China “is delivering a new source of capital that – with the appropriate safeguards in place – can help us to invest in the future of our country,” May wrote in an op-ed in the UK’s Financial Times newspaper earlier this week. “Together, that means a stronger British economy and more and better jobs for British workers.”

China, in turn, is hoping that London will endorse its Belt and Road Initiative (BRI), an ambitious infrastructure project aimed at reviving the Silk Route trade routes between China and Europe.

May’s visit will see her meet with Chinese Premier Li Keqiang later on Wednesday and with President Xi Jinping the following day, before finishing her trip in Shanghai on Friday.

May desperate to stem Brexit fears at home

May also promised on Wednesday that lawmakers would receive an official analysis of the UK’s final Brexit deal for approval.

On Tuesday, “Buzzfeed” leaked an embarrassing Brexit impact document  that claimed the UK would be worse off, with or without a deal, post Brexit.

Parliament has already been assured that the terms for UK’s withdrawal from the EU would be subject to a vote.

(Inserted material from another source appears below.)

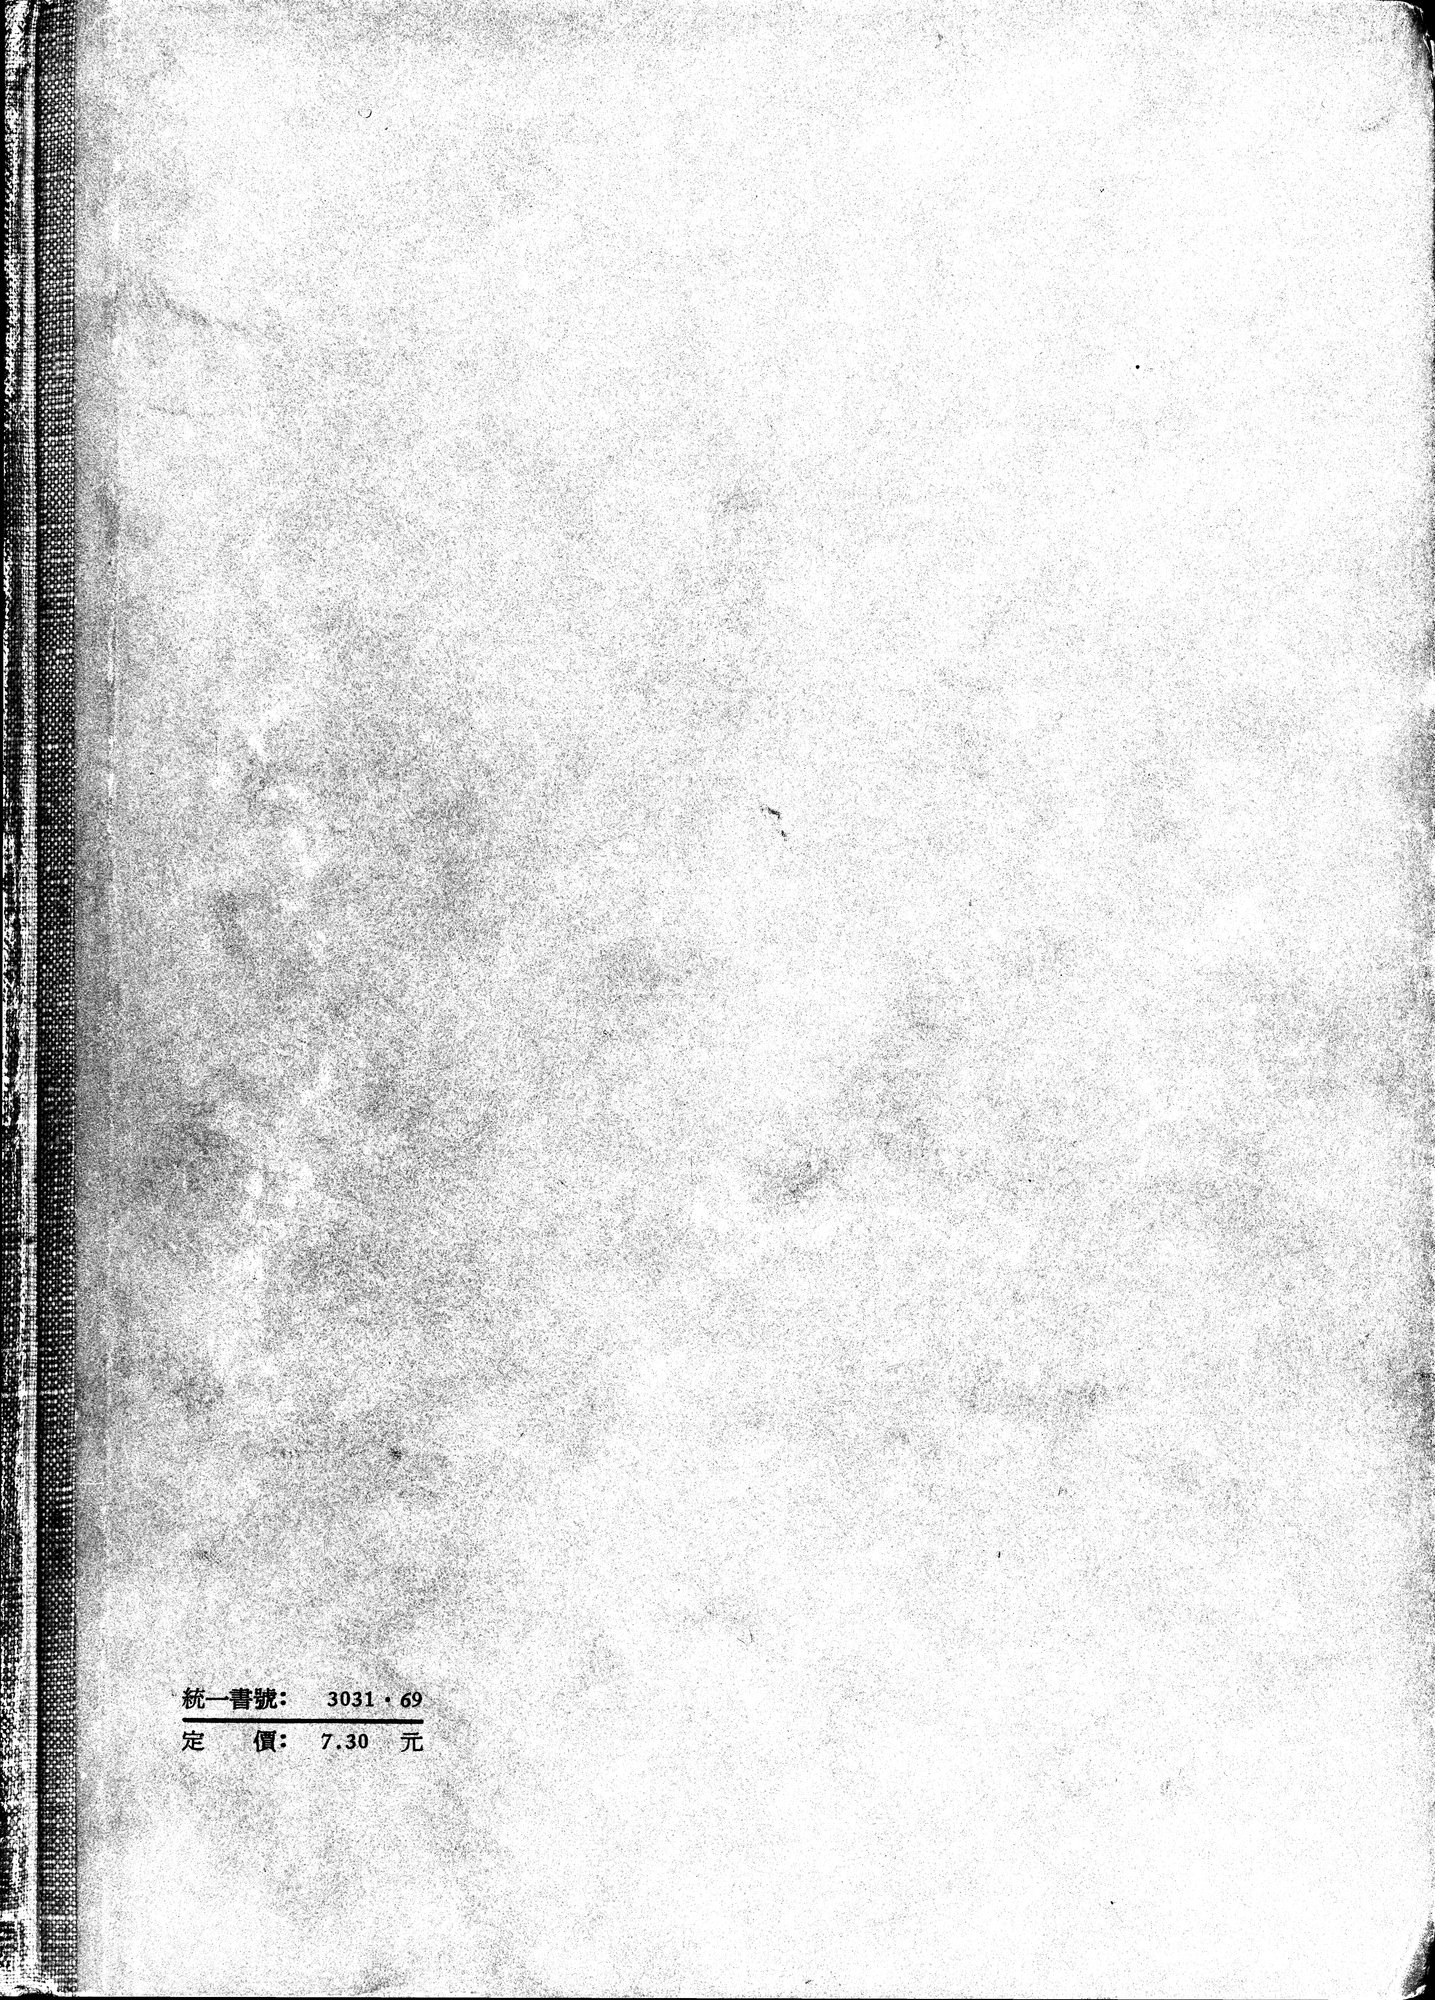 塔里木盆地考古記 : vol.1 / Page 370 (Grayscale High Resolution Image)

However, if lawmakers were to reject the terms of the Brexit agreement, it would leave the UK crashing out of the bloc with no future partnership in place.

May urged not to turn blind eye to rights abuses

While business sits at the top of May’s agenda, the Prime Minister also said she would take the opportunity to discuss a range of other issues with Chinese officials, including the North Korea nuclear threat and climate change.

However, May has already come under pressure to address the political situation in former UK colony Hong Kong and human rights abuses on the Chinese mainland.

In an open letter to the Prime Minister’s office, former Hong Kong governor Chris Patten warned the island was facing “increasing threats to the basic freedoms, human rights and autonomy” that its citizens were promised following its handover back to China in 1997.